Exercise prompt =
Pictures stay out; print the rest of the listing below exactly as it stands.

Data extract =

_ _ _ _ _ _ _

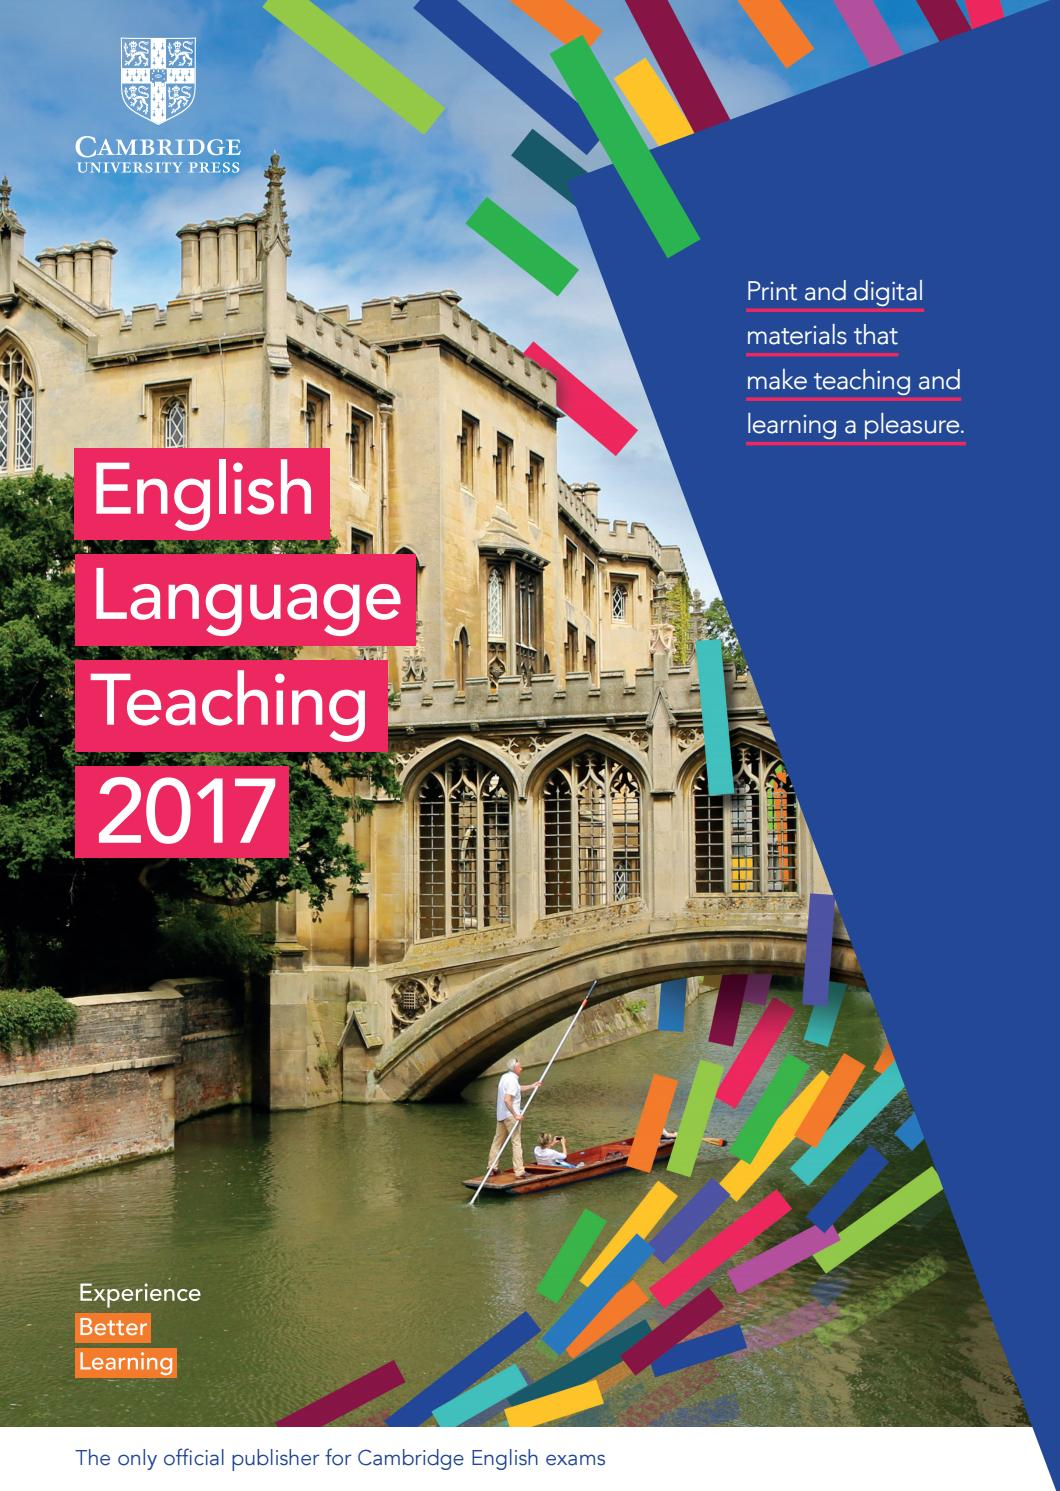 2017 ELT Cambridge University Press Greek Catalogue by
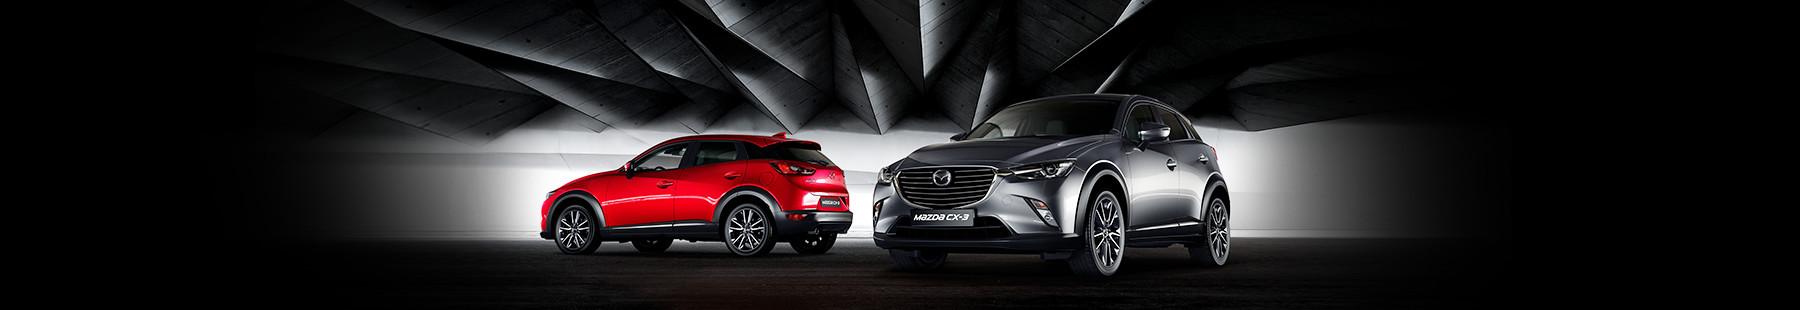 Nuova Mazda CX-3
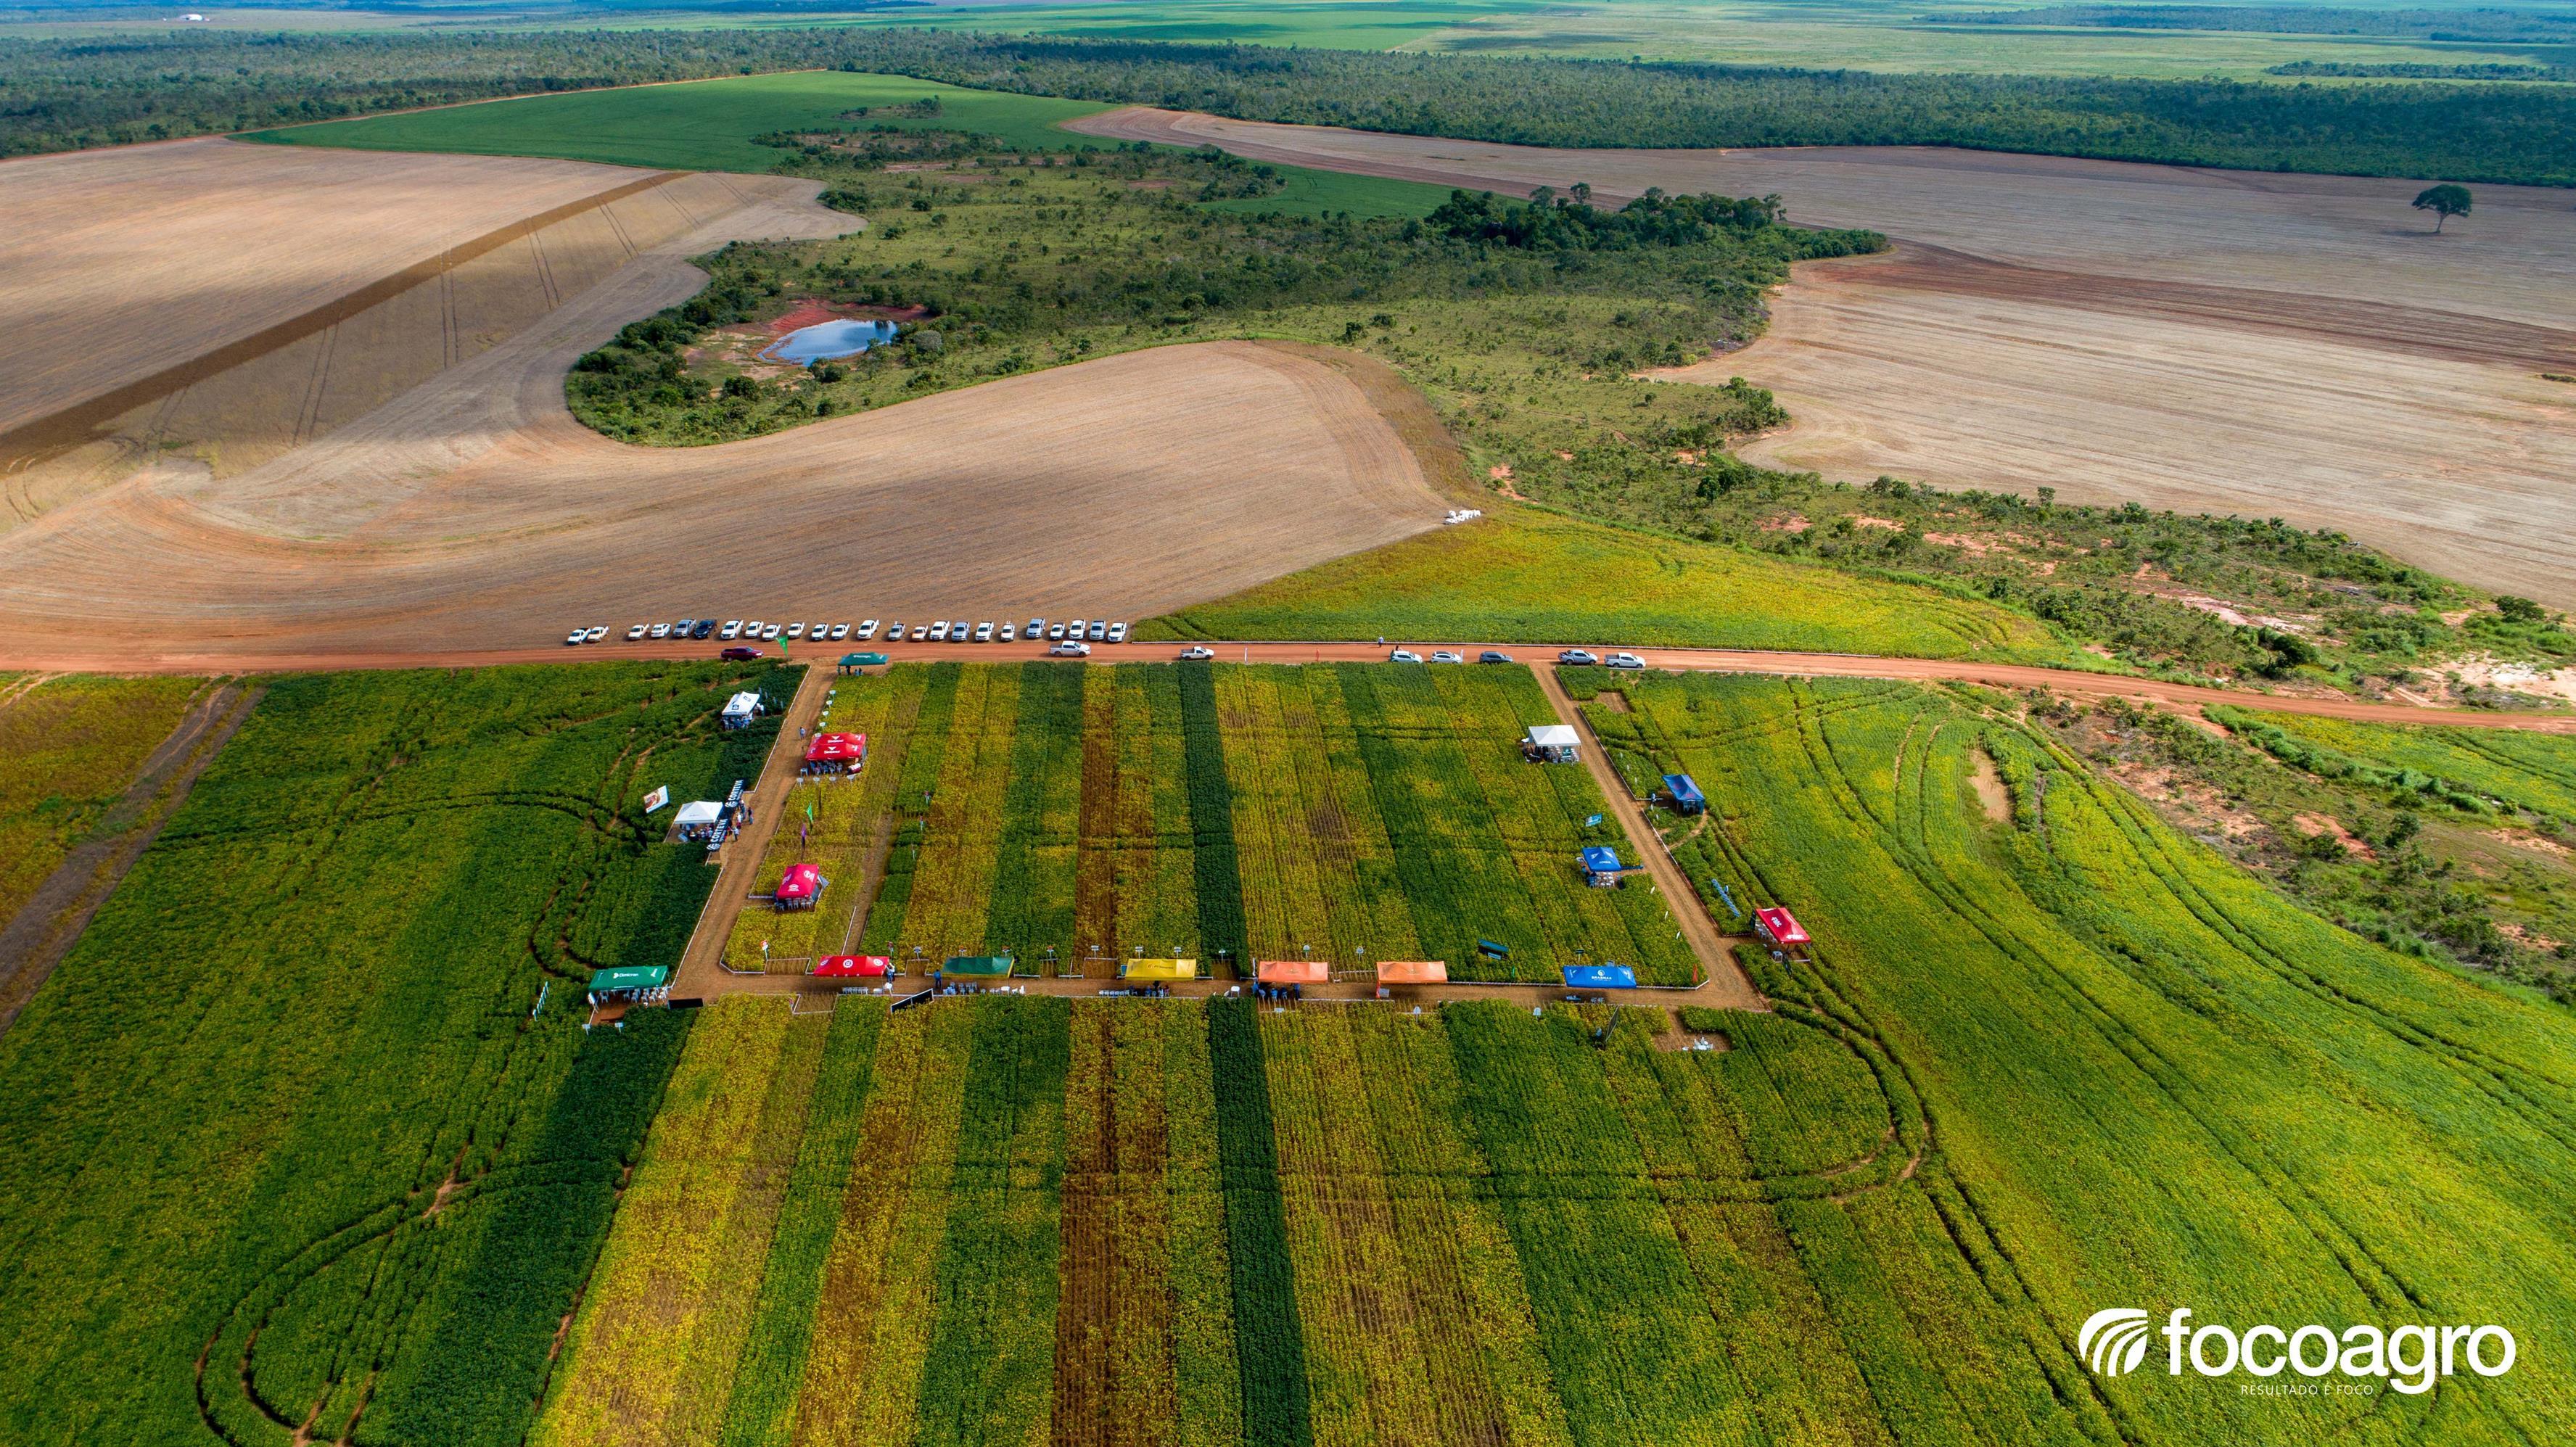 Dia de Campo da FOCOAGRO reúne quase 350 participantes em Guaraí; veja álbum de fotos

_ _ _ _ _ _ _

The completed task =
 2017 ELT Cambridge University Press Greek Catalogue by
 Nuova Mazda CX-3
 Dia de Campo da FOCOAGRO reúne quase 350 participantes em Guaraí; veja álbum de fotos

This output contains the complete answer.